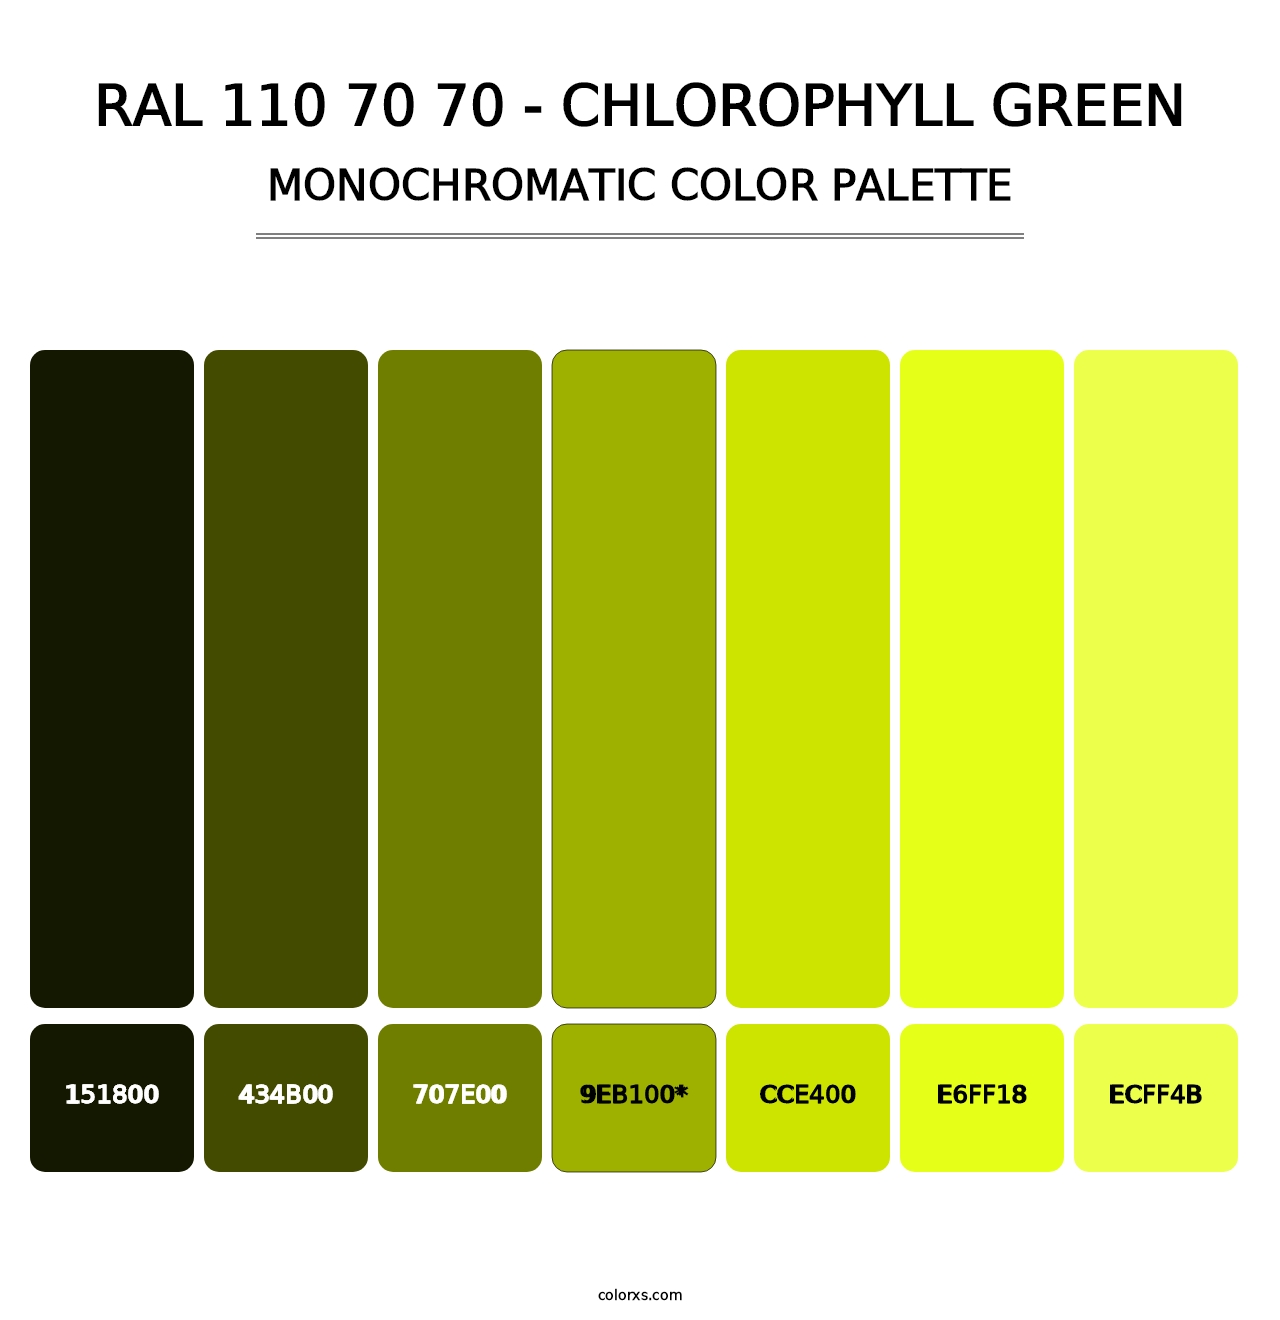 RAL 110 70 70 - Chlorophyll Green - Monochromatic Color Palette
————
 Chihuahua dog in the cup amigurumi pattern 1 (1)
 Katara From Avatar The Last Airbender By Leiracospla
————
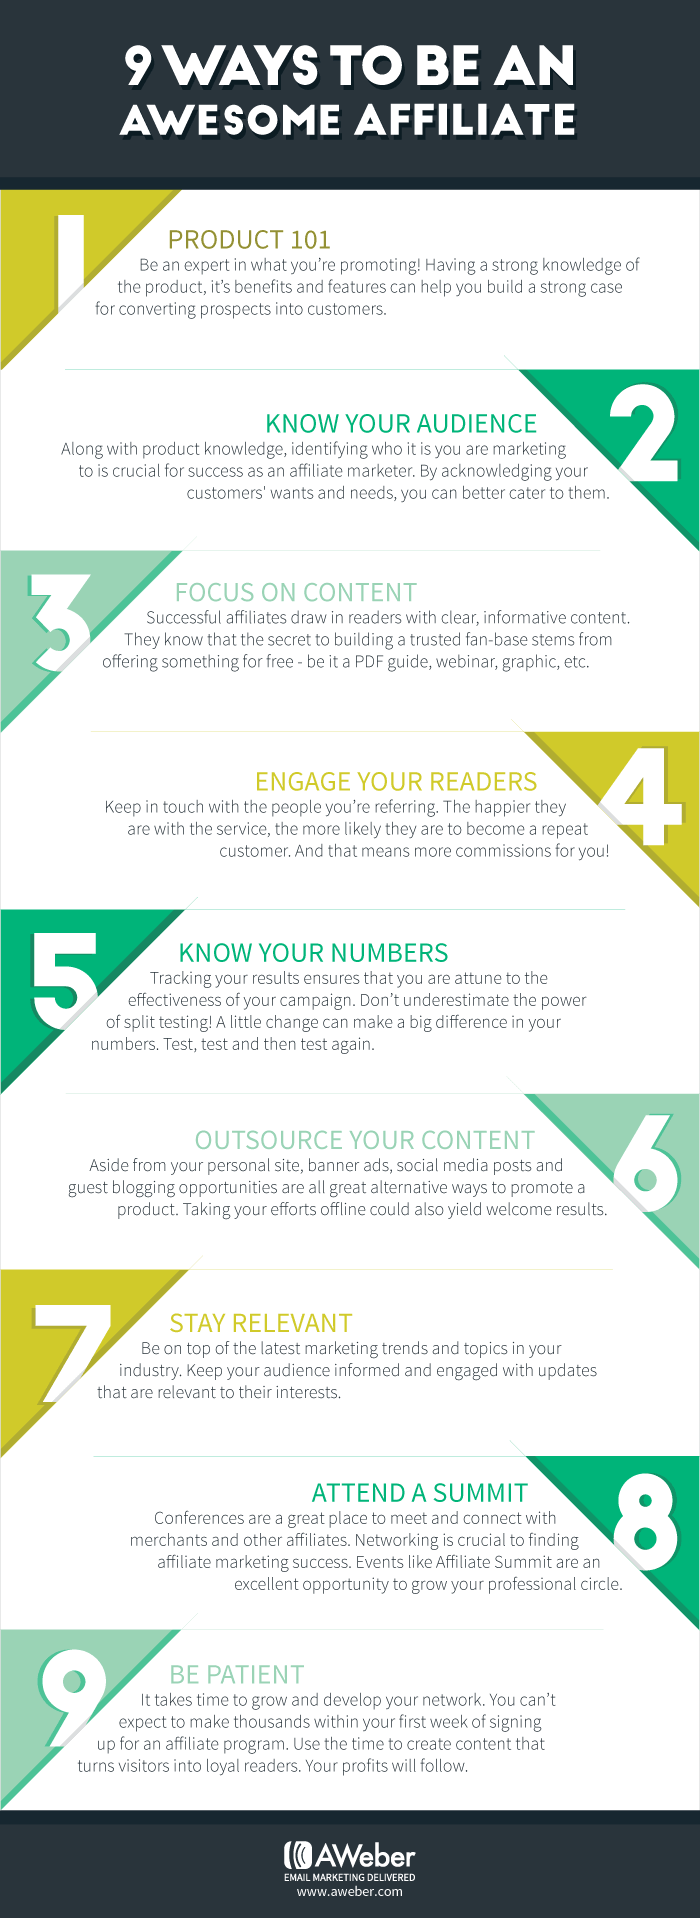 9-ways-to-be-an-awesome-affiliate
————
Problem requirements - There is a line with "Chihuahua dog in" and a line with "Katara From Avatar" above. Copy exactly those two lines and all lines between them, with nothing else.

Task solution -
 Chihuahua dog in the cup amigurumi pattern 1 (1)
 Katara From Avatar The Last Airbender By Leiracospla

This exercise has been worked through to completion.